A titolo di esempio, il progetto Coinshare (https://coinshare.network) intende mettere a disposizione un ecosistema con lo scopo di aumentare il potere d’acquisto degli acquirenti e la base clienti dei venditori. Il meccanismo, basato sulla tecnologia blockchain e promosso da un gruppo di ideatori molto attivo in Europa, offre un sistema di reddito collettivo e di condivisione delle basi clienti. Detto in altre parole, si intende consorziare migliaia di commercianti, dei quali molti già attivi nel circuito cashback tradizionale.

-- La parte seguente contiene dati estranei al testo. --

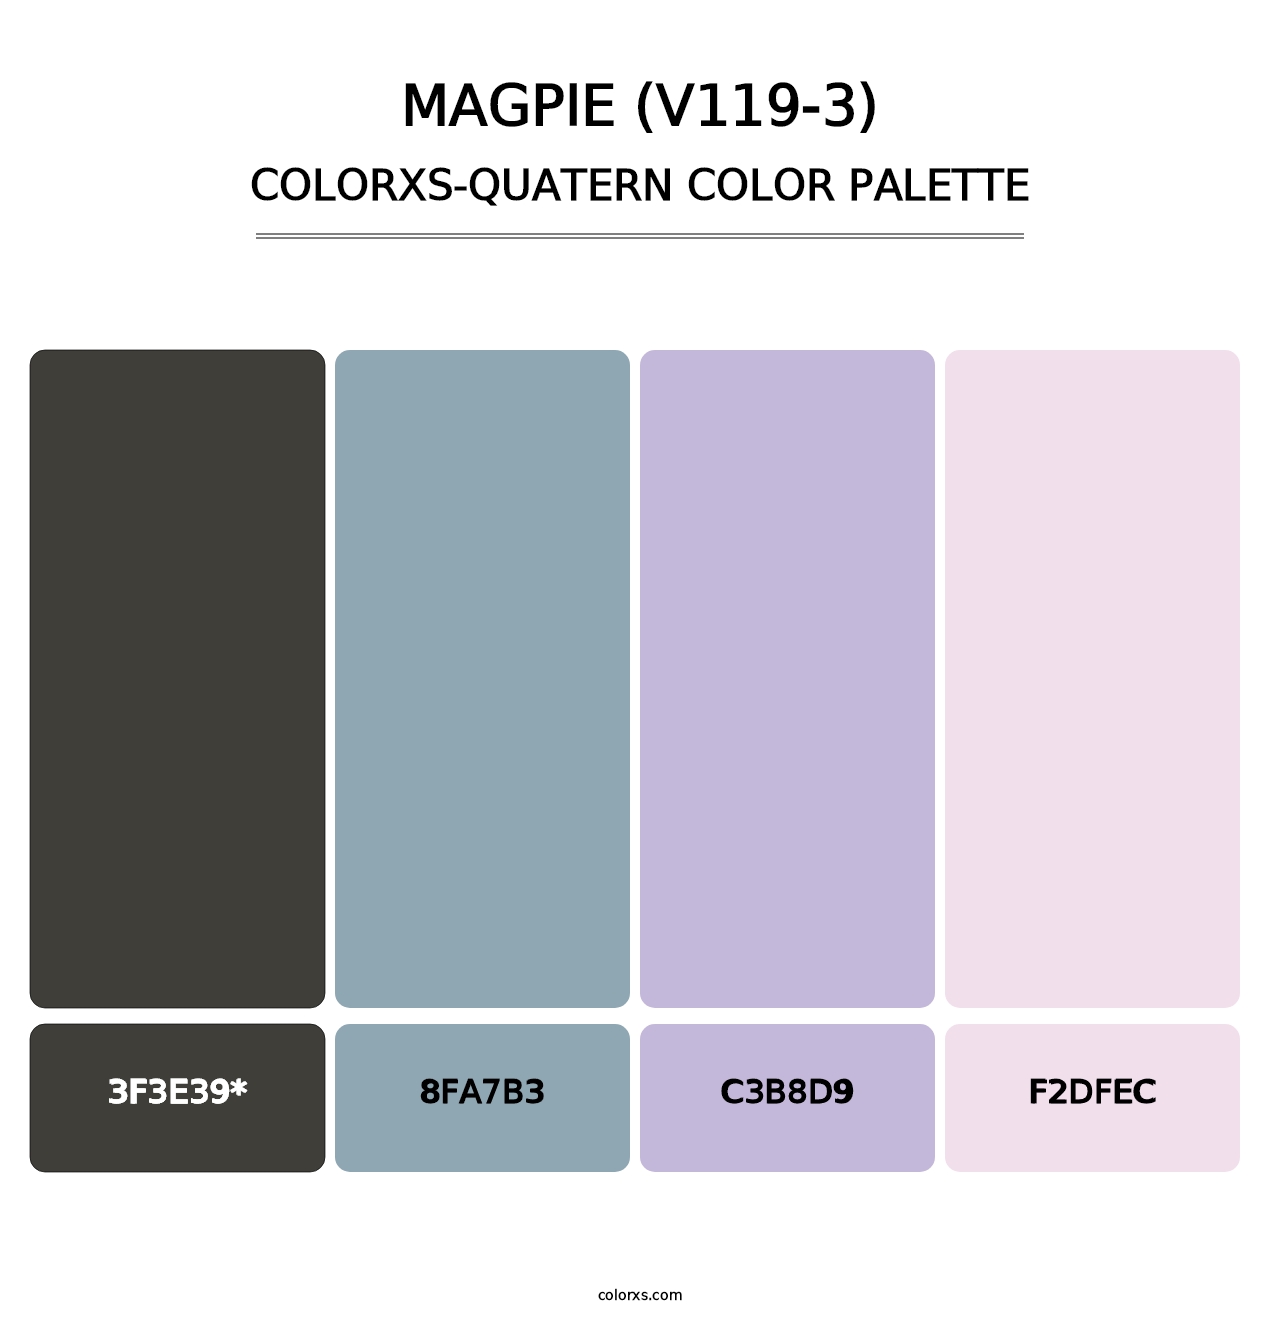 Magpie (V119-3) - Colorxs Quatern Palette
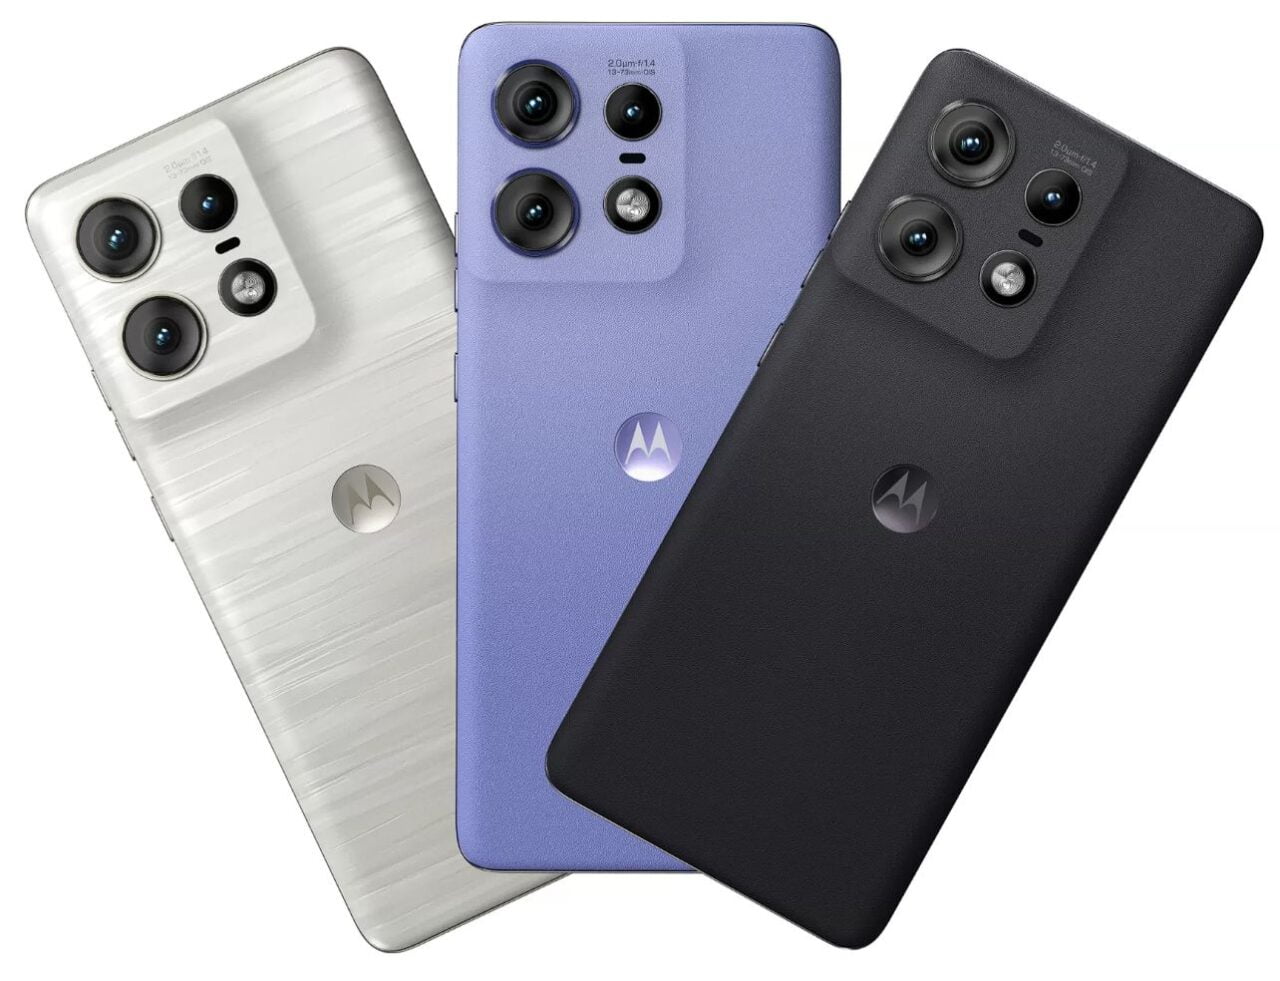 Trzy smartfony marki Motorola układane diagonalnie, z aparatem o potrójnym obiektywie, w kolorach białym, fioletowym i czarnym.

Sempre a livello europeo e concorrente di Coinshare, esiste il Gruppo Lyoness/Cashback world che con già decine di migliaia di esercizi convenzionati nella loro applicazione di cashback sta per introdurre la crypto valuta di pagamento “e-credits” (https://ecredits.com/).

 

Alla luce delle nuove tecnologie, non si pone la domanda se si faranno strada valute complementari, bensì quando e se quest’ultime si svilupperanno con l’intento di promuovere l’economia di una determinata regione.

 

  1. Ecosistema blockchain in Svizzera e in Ticino

La Svizzera è notoriamente una delle più importanti giurisdizioni internazionali in ambito blockchain. Vi sono vari motivi a monte di tale dinamica, tra i quali la stabilità politica e normativa, l’atteggiamento severo ma aperto in materia finanziaria da parte delle autorità, la posizione geografica al centro dell’Europa con buone connessioni di trasporto internazionali, o la disponibilità di manodopera qualificata con buone conoscenze linguistiche. Giocano inoltre sicuramente un ruolo importante i preesistenti ecosistemi bancario e finanziario, in presenza di molti istituti finanziari leader sul piano internazionale, nonché delle moderne tecnologie e della ricerca di punta stimolata non da ultimo dai due politecnici federali e dalle scuole universitarie professionali.

 

Fonte: https://cvvc.com/application/files/6015/4828/5085/CVVC_Insights-TOP50-Q119-CH-CantonMap.pdf, consultato il 24 febbraio 2019.

 

Sa da una parte in ambito blockchain è noto l’ecosistema della Crypto Valley, che si estende tra Zugo e Zurigo, anche il territorio ticinese ha visto nascere parecchie imprese innovative in tale settore, in particolare nel Mendrisiotto e nel Luganese. La realtà ticinese si è associata nella suddetta Associazione CryptoPolis, con sede a Chiasso. Verso la fine del 2018 la CV VC AG, una società specializzata nel venture capital di imprese vicine alla Cripto Valley, ha pubblicato uno studio con la collaborazione di PricewaterhouseCoopers e di Strategy& che ha messo in evidenza la densità di imprese blockchain anche in Ticino, oltre che nell’area tra Zugo e Zurigo nonché all’Arco lemanico. L’illustrazione precedente mostra il numero di imprese attive in ambito blockchain nei Cantoni svizzeri.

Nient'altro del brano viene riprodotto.